Australian ballroom dancer (born 1962)

Mark Wilson is an Australian professional ballroom dancer and former dance teacher. He is a television personality, best known for being an original judge on the reality TV show – Dancing with the Stars (on the Seven Network) appearing for the first ten seasons. In 2021, he returned as a judge with other former original judges Paul Mercurio, Todd McKenney and Helen Richey, along with original host Daryl Somers.

==Biography==
Wilson has been crowned as the Australian Dancesport Champion on five occasions - four times in New Vogue and once in Modern. He has competed throughout the UK, Europe and Japan. On two occasions, he came 15th in the World Dancesport Championship finals: once at Blackpool Tower in 1989 and again in Tokyo in 1990. Mark has also appeared in popular ABC TV show –That's Dancin', winning the professional series.
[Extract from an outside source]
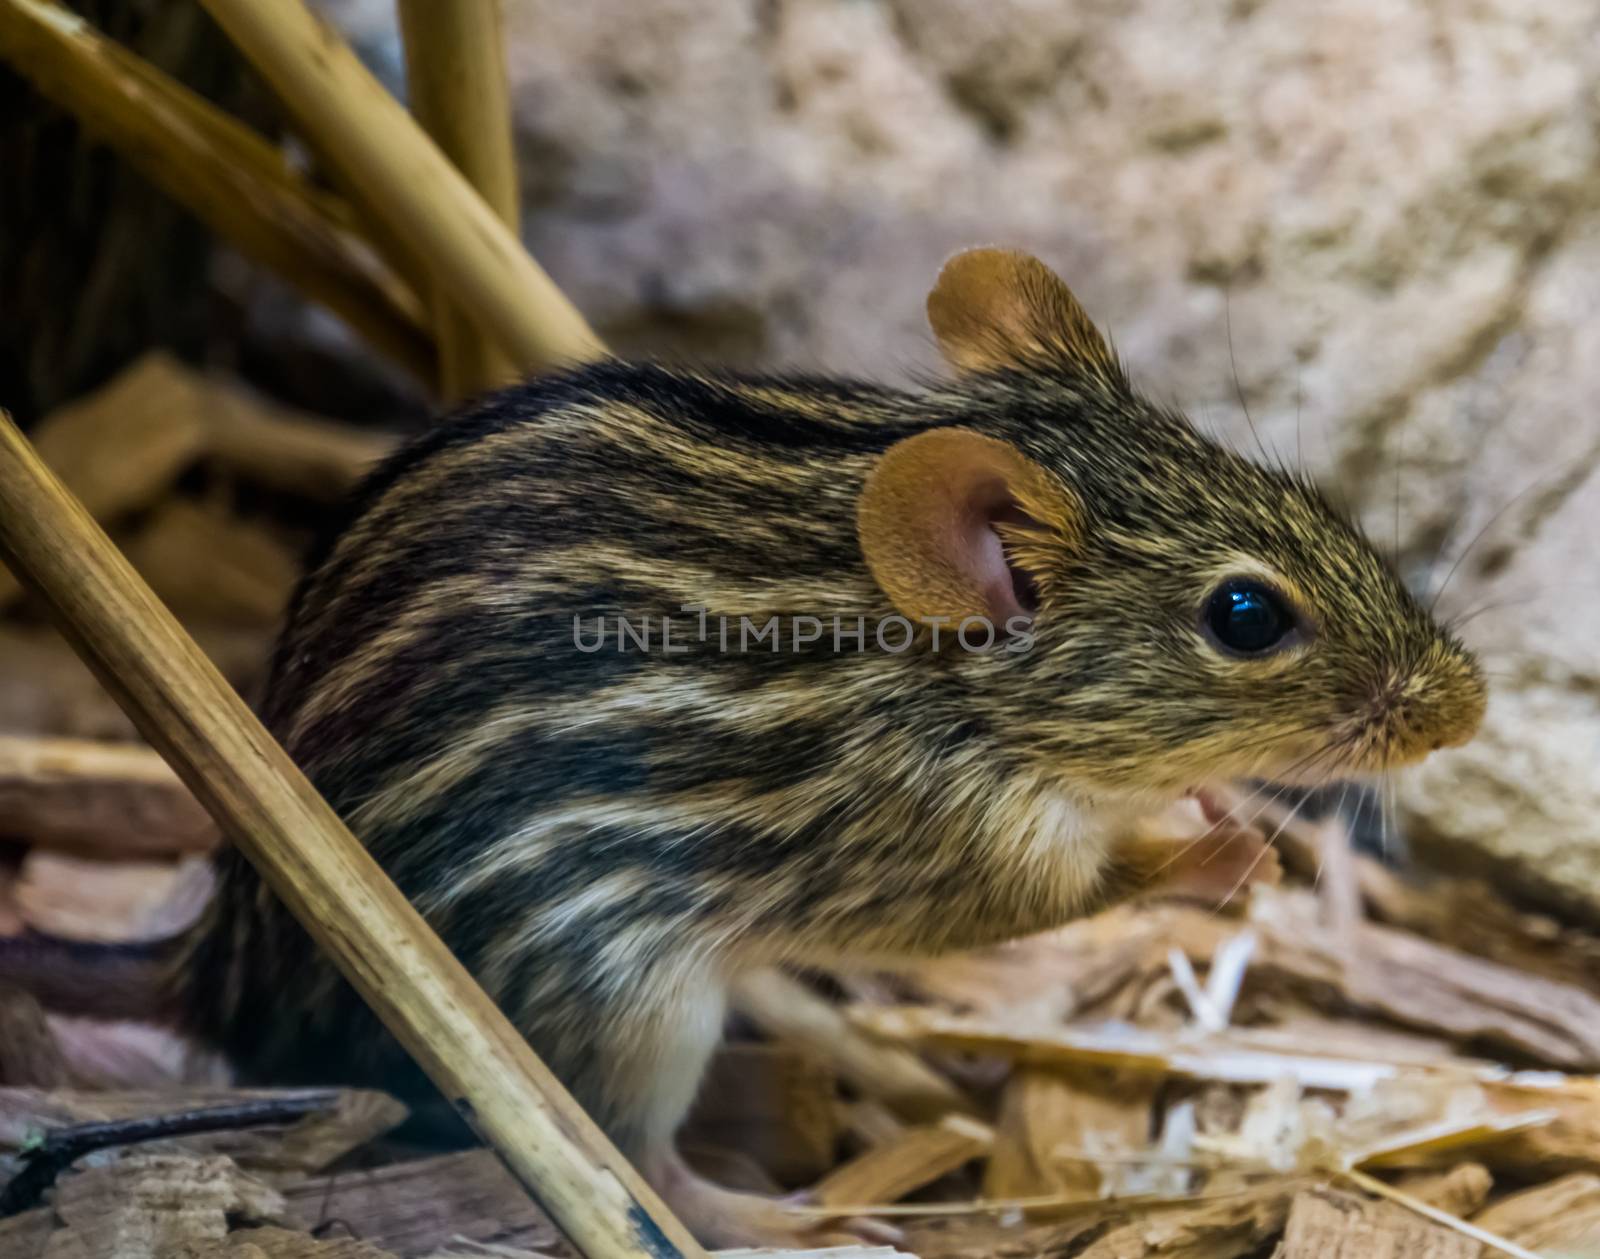 closeup portrait of a barbary striped grass mouse, popular tropical rodent from Africa, small cute pets by charlottebleijenberg
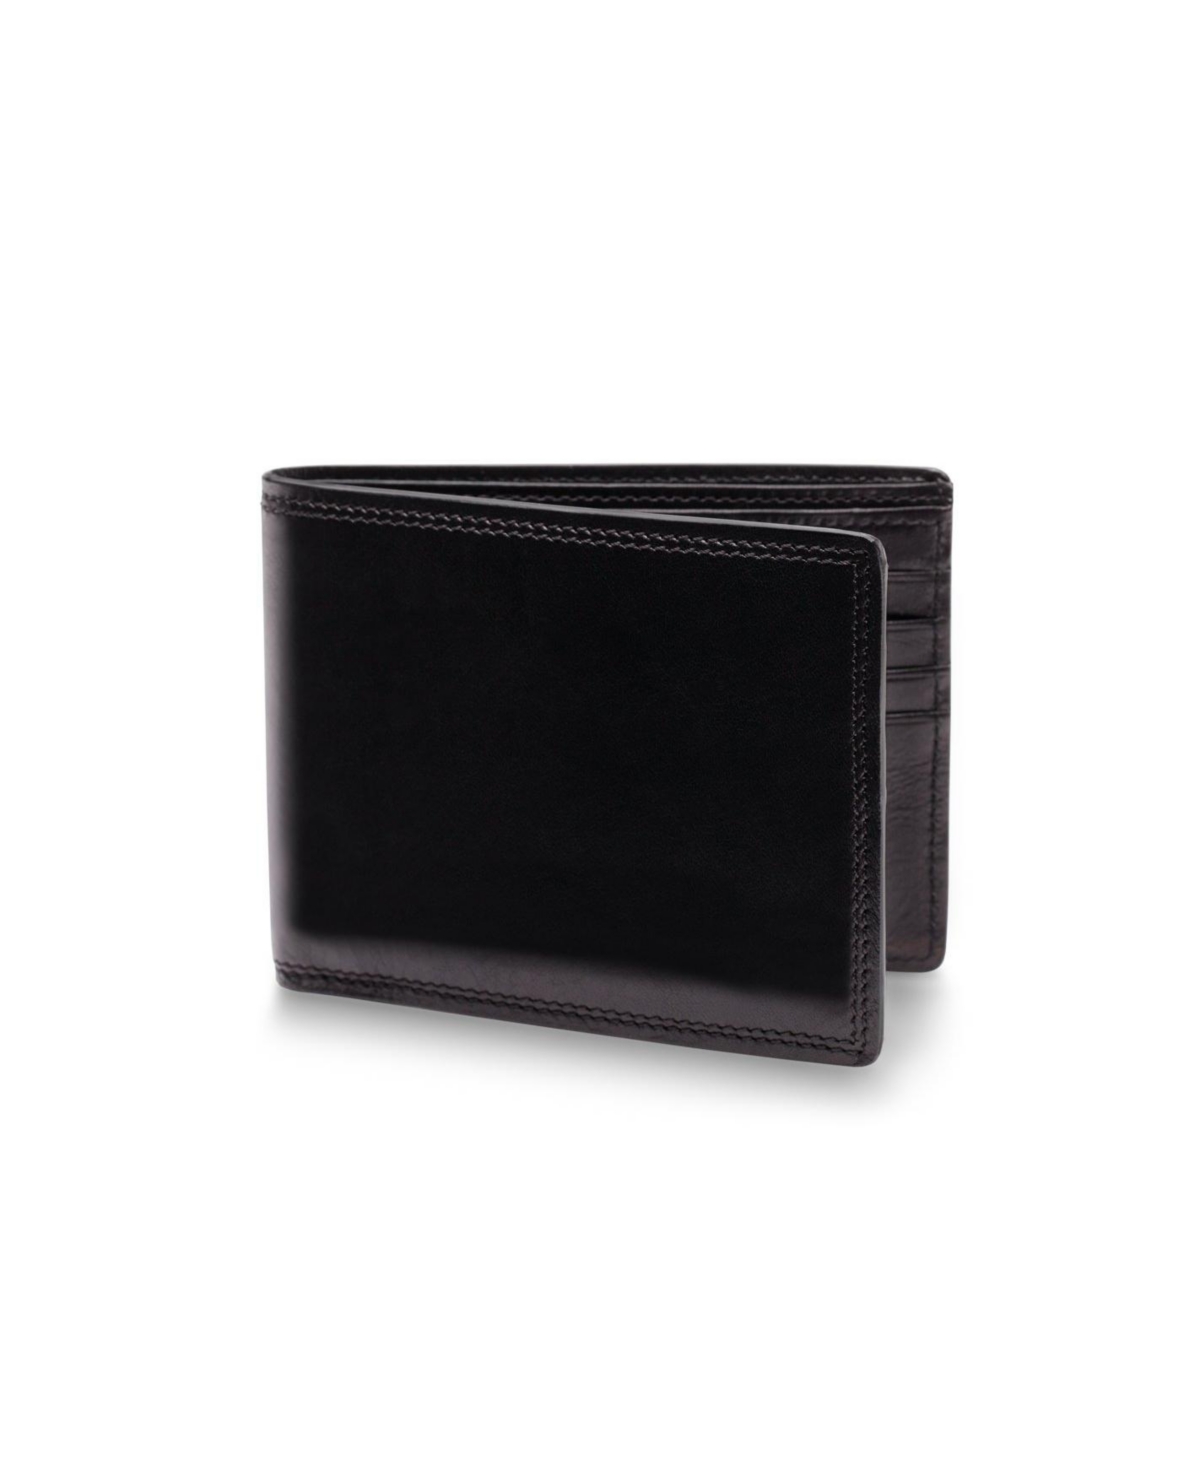 Dolce Old Leather 8 Pocket Deluxe Executive Wallet - Black

Wilson has been a judge on other various dance shows, such as Tattersalls Australian Dancesport Championship. He coaches new judges and acts as a junior development officer for Dancesport Victoria and its school dance programs. He teaches students of all ages at his own studio. These students range from beginners to medalists and competition couples.

He was a contestant on another Australian reality TV show – It Takes Two, which also airs on the Seven Network.